Records from a data collection —
-- Opening Marker --

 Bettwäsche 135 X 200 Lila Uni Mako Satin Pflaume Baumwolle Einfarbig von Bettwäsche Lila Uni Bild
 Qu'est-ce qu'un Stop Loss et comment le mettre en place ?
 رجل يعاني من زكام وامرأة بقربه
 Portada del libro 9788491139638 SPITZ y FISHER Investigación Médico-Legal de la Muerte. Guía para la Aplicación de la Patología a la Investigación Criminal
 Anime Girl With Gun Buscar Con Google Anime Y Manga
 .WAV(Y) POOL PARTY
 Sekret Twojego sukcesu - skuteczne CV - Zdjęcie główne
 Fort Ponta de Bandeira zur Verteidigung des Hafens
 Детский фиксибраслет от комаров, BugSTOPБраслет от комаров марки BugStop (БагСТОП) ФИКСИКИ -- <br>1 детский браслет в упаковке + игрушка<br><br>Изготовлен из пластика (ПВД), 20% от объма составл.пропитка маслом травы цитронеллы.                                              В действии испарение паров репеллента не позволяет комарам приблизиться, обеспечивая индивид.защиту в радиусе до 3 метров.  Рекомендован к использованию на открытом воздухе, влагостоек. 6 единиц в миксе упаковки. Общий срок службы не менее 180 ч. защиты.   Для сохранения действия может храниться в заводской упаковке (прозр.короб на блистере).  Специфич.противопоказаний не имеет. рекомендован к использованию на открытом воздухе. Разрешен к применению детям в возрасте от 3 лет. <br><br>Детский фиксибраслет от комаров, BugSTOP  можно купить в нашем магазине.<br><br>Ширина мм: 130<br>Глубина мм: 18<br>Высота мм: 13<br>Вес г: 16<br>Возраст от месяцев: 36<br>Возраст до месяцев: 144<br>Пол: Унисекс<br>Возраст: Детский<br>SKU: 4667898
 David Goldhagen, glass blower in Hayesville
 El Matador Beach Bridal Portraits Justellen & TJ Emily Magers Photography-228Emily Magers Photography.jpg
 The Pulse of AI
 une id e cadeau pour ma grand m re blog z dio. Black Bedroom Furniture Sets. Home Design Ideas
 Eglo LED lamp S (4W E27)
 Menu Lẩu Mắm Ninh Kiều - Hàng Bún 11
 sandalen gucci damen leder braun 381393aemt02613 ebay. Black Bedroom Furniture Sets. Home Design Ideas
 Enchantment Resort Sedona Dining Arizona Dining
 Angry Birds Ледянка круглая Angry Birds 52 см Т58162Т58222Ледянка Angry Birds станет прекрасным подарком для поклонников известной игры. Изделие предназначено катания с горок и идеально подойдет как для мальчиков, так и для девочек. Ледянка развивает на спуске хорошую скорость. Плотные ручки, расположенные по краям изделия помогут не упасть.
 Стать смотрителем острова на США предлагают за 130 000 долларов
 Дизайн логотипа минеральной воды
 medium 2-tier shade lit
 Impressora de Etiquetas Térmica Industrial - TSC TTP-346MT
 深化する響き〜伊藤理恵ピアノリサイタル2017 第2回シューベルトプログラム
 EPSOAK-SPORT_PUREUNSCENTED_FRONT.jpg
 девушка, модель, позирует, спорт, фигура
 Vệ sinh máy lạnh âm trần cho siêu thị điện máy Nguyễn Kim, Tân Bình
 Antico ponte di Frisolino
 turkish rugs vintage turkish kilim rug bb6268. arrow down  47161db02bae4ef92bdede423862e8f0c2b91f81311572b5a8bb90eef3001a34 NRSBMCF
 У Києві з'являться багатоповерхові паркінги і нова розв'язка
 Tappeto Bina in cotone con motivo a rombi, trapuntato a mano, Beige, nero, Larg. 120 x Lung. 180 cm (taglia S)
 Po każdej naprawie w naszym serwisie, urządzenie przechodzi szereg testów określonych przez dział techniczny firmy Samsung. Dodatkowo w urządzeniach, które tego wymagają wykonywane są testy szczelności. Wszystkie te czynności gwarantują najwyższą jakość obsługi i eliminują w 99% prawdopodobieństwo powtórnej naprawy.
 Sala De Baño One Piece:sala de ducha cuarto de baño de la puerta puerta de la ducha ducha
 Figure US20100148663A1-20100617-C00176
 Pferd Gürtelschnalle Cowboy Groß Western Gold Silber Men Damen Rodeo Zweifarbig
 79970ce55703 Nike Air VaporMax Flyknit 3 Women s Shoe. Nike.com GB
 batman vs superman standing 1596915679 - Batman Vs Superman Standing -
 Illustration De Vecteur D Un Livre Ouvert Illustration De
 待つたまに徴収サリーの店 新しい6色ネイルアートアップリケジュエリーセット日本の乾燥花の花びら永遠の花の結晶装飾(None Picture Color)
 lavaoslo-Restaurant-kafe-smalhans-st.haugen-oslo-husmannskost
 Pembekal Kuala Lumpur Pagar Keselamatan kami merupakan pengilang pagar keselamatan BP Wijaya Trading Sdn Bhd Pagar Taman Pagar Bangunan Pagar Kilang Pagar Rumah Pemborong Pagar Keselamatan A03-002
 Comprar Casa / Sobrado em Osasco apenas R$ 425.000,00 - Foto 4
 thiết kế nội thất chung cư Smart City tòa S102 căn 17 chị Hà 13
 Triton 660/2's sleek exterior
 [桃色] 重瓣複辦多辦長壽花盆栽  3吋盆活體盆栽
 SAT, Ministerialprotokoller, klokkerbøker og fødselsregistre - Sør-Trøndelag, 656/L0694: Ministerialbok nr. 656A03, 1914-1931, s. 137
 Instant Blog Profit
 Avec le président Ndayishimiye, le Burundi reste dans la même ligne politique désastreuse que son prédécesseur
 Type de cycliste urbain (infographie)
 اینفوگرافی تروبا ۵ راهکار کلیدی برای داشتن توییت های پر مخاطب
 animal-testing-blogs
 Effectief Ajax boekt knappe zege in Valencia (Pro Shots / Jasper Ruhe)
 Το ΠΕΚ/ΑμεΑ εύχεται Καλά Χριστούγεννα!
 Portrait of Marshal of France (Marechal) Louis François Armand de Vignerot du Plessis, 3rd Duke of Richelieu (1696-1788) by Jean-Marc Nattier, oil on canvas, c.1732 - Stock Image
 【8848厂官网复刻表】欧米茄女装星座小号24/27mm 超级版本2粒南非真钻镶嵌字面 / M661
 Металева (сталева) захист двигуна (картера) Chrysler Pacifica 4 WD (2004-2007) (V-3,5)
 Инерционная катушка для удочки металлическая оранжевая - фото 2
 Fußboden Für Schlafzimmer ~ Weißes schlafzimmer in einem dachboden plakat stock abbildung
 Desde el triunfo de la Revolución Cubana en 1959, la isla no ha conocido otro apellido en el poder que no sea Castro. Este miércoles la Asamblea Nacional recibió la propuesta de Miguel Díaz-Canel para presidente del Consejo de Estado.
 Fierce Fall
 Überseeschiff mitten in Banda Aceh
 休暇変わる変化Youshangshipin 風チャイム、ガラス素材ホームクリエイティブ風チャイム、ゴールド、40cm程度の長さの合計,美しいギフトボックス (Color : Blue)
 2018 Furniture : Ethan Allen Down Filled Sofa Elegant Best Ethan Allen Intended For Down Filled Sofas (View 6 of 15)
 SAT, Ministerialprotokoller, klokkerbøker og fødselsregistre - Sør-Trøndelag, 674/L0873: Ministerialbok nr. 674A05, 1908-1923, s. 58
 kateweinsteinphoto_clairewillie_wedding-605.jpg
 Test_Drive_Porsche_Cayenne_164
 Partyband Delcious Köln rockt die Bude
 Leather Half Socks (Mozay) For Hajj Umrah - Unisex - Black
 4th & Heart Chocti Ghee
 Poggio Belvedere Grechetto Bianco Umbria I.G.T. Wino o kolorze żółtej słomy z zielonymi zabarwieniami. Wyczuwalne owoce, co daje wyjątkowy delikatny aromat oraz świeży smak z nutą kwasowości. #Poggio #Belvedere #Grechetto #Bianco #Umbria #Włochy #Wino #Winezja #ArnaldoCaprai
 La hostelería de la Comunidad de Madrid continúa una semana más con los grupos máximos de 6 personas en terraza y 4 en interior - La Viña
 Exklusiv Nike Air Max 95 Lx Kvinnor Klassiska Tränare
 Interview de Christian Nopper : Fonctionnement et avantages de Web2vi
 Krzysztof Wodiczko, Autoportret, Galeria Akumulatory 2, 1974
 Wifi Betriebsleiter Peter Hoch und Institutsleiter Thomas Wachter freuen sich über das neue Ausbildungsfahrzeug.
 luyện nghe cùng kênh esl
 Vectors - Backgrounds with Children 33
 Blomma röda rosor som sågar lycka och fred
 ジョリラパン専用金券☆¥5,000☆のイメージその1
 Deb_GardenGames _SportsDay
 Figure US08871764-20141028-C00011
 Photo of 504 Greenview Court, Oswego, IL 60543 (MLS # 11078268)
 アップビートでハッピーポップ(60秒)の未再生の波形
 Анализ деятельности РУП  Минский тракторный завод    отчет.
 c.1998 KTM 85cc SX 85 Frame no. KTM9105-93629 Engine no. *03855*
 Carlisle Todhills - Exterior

-- Closing Marker --

Work instruction —
Your answer should be the lines above, from the line containing "Anime Girl With" up to and including the line containing "Fort Ponta de", reproduced exactly and with nothing else.

Written solution —
 Anime Girl With Gun Buscar Con Google Anime Y Manga
 .WAV(Y) POOL PARTY
 Sekret Twojego sukcesu - skuteczne CV - Zdjęcie główne
 Fort Ponta de Bandeira zur Verteidigung des Hafens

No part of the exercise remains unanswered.